━━━ Data section

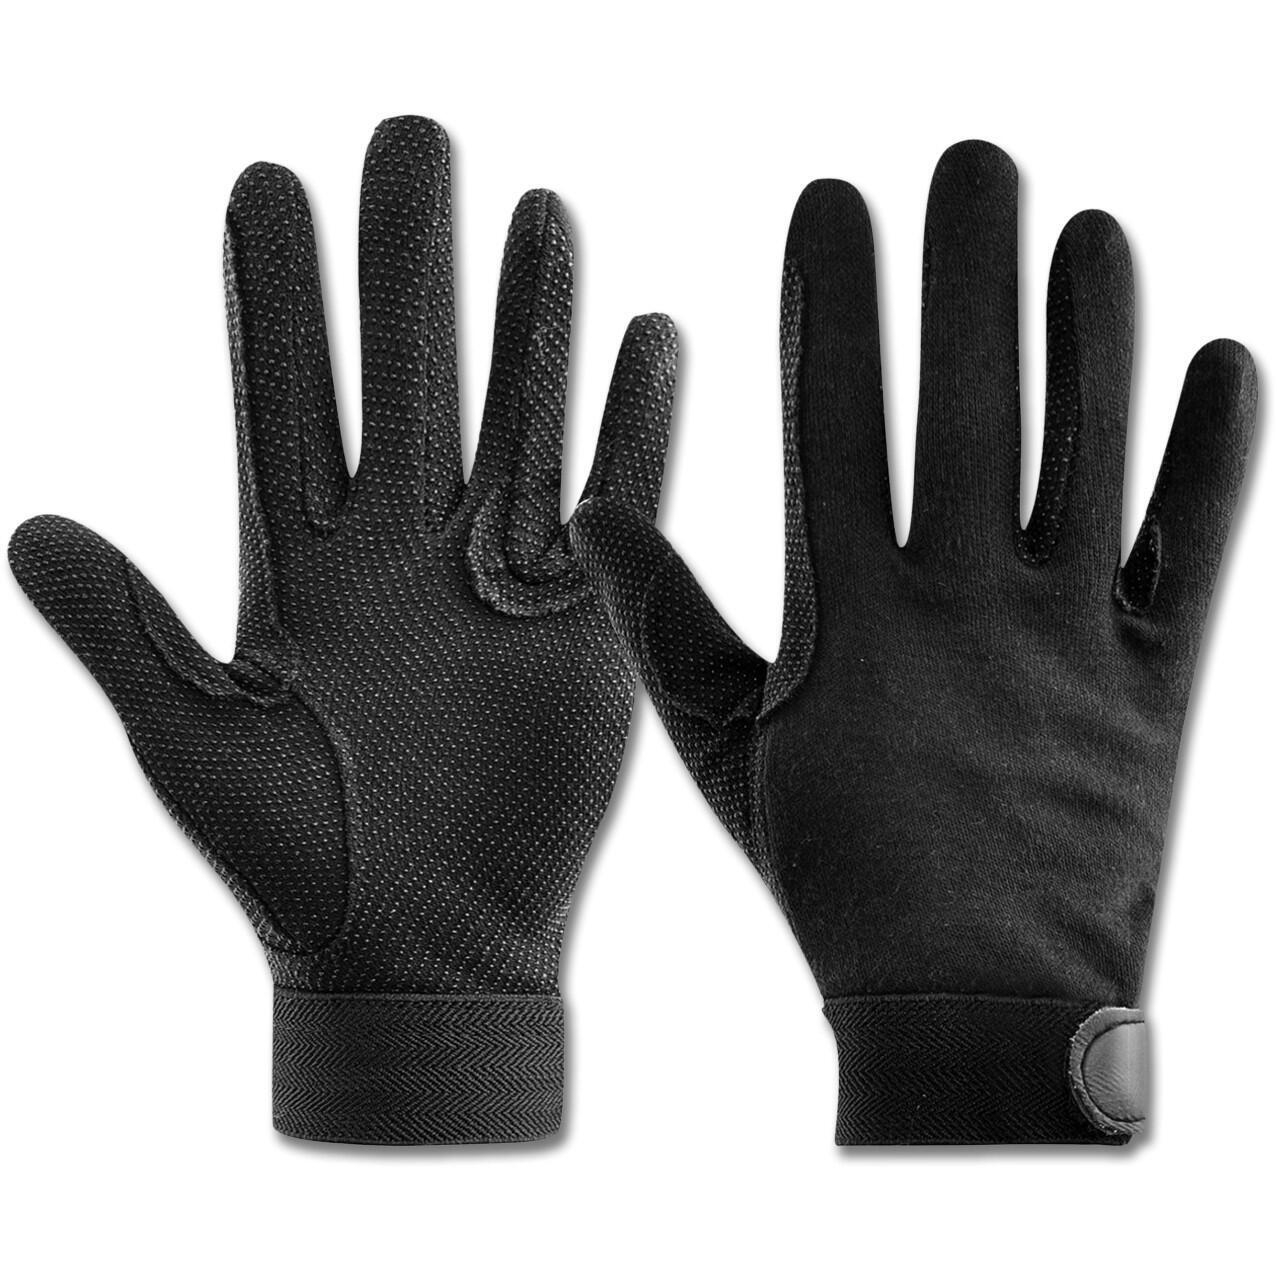 защитные противоскользящие перчатки для верховой езды Перчатки ELT для верховой езды, черный
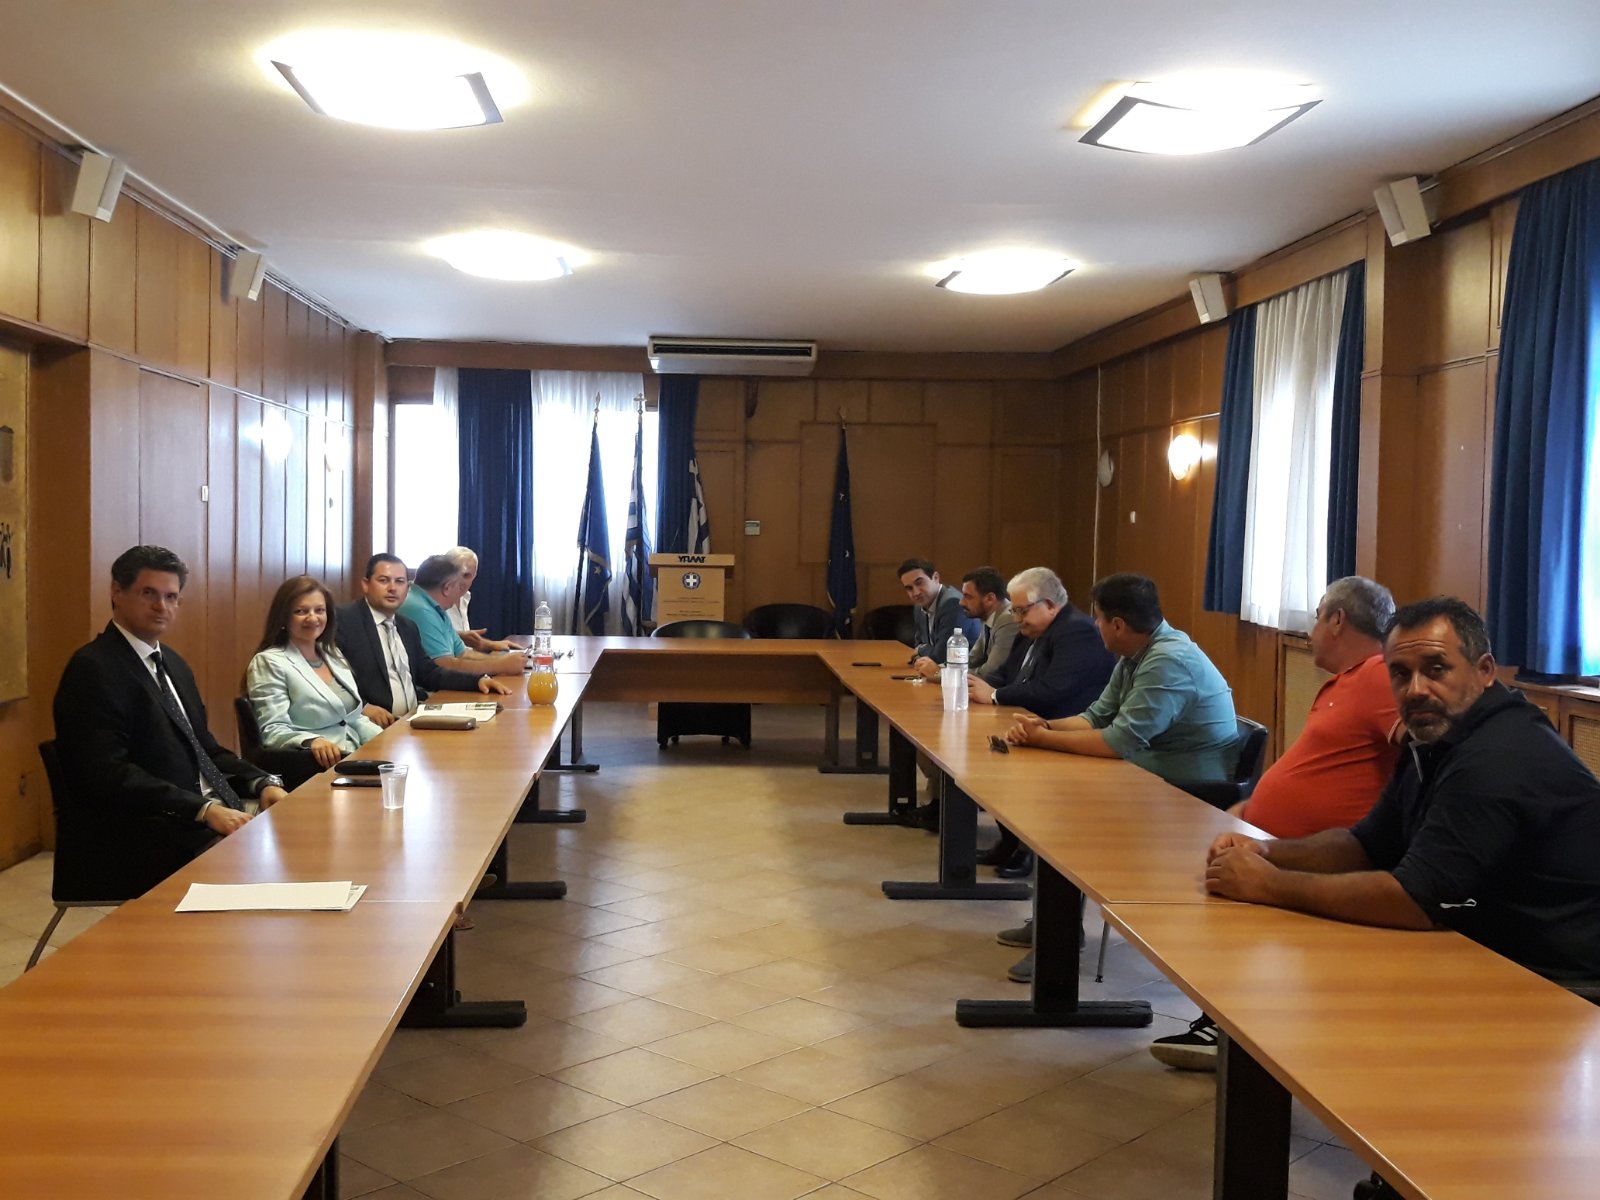 Αυγερινοπούλου: Όσοι αγρότες ζημιώθηκαν από τον COVID θα αποζημιωθούν! - Θετικά τα αποτελέσματα της συνάντησης αγροτών Ν. Ηλείας, Βουλευτών και Αντιπεριφερειάρχη με Βορίδη
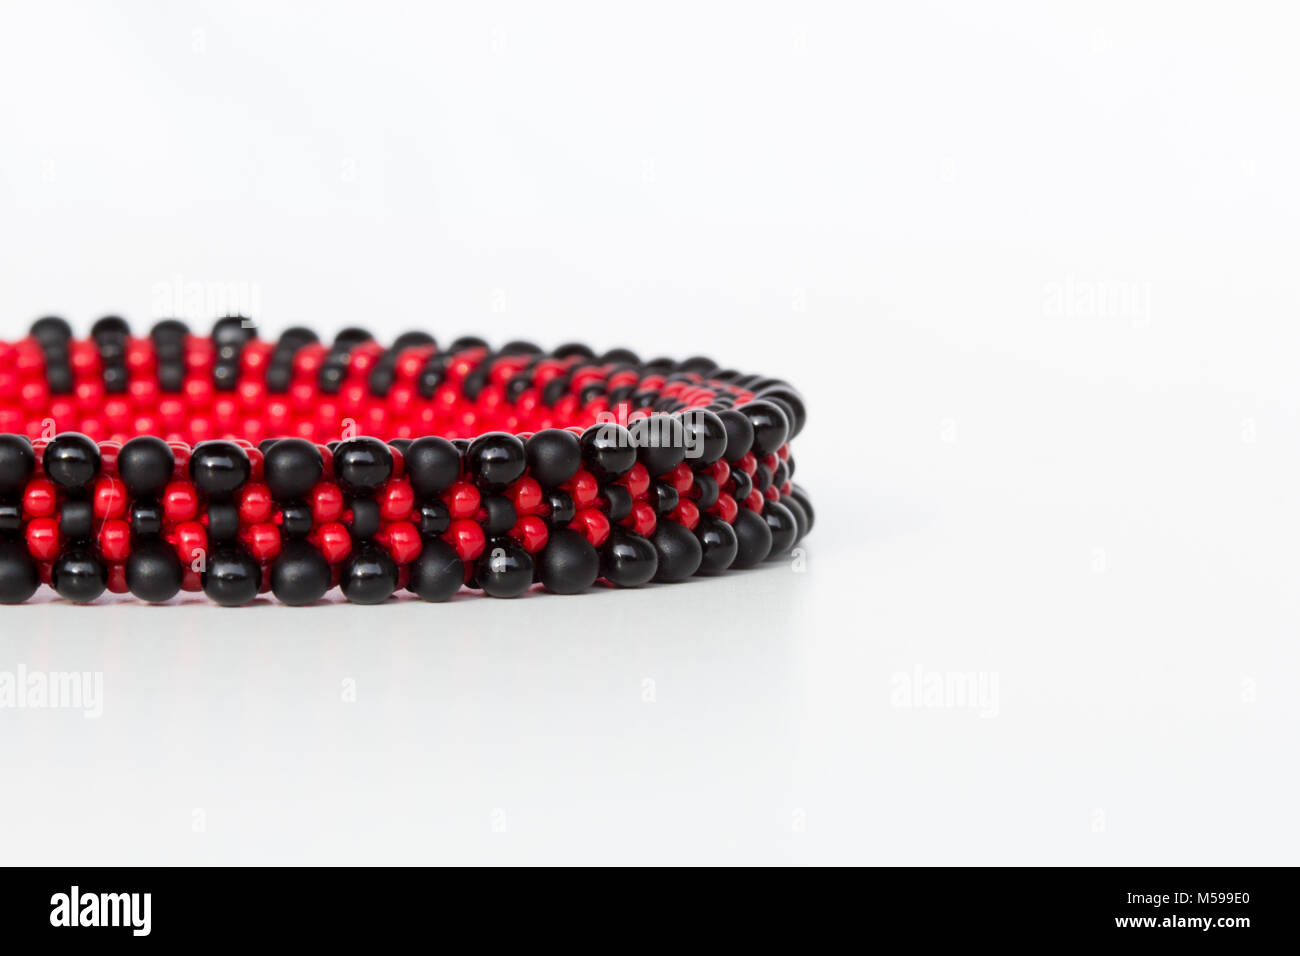 Noir et rouge bracelet en crochet en cordon sur fond blanc Banque D'Images
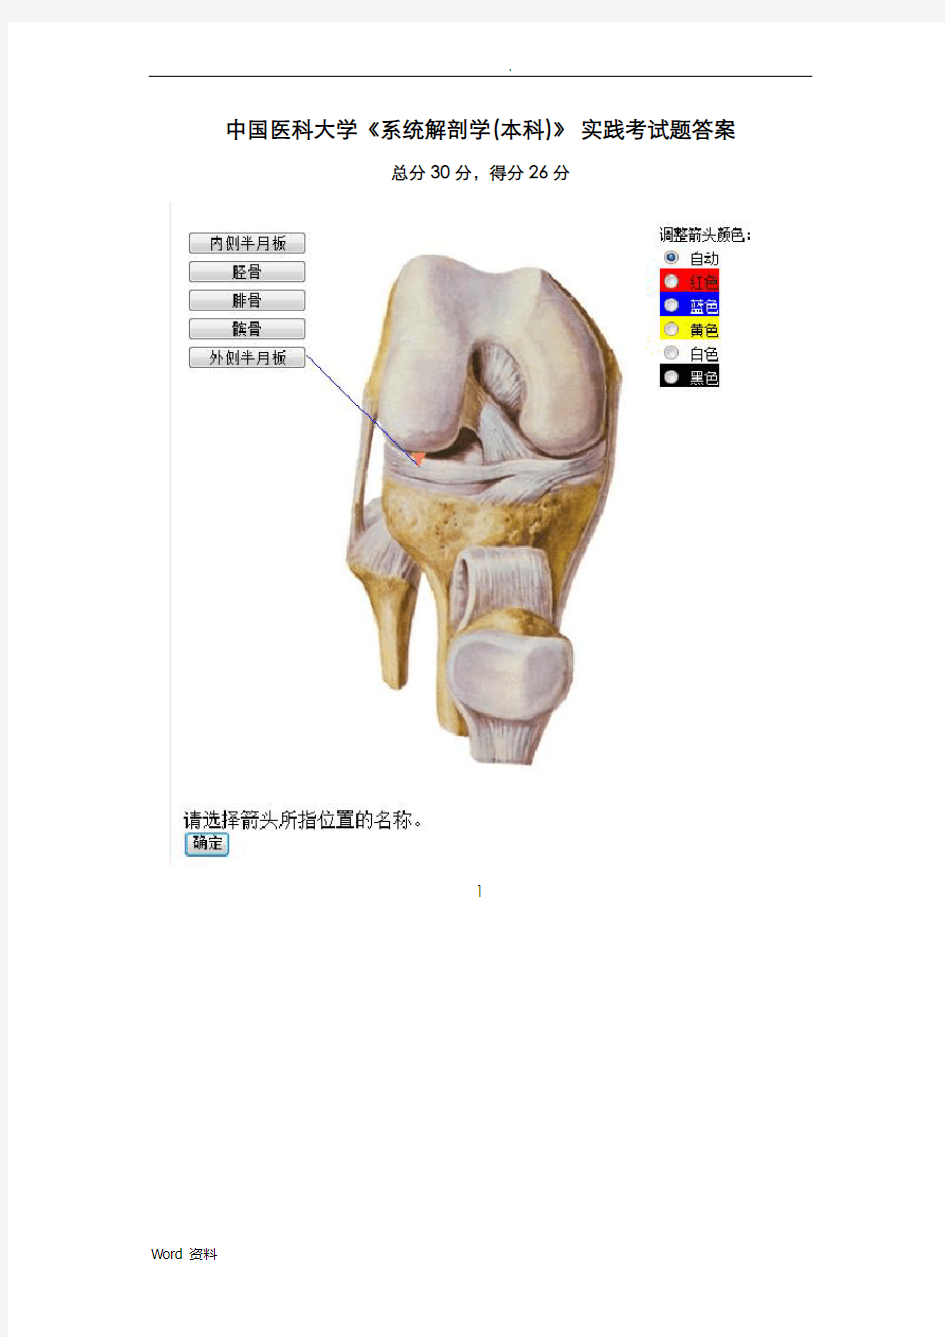 中国医科大学系统解剖学(本科)-实践考试题答案

━━━━━━

Problem to solve =
Set down the data above verbatim, omitting every image.

Written reply =
 защитные противоскользящие перчатки для верховой езды Перчатки ELT для верховой езды, черный
 Αυγερινοπούλου: Όσοι αγρότες ζημιώθηκαν από τον COVID θα αποζημιωθούν! - Θετικά τα αποτελέσματα της συνάντησης αγροτών Ν. Ηλείας, Βουλευτών και Αντιπεριφερειάρχη με Βορίδη
 Noir et rouge bracelet en crochet en cordon sur fond blanc Banque D'Images
 中国医科大学系统解剖学(本科)-实践考试题答案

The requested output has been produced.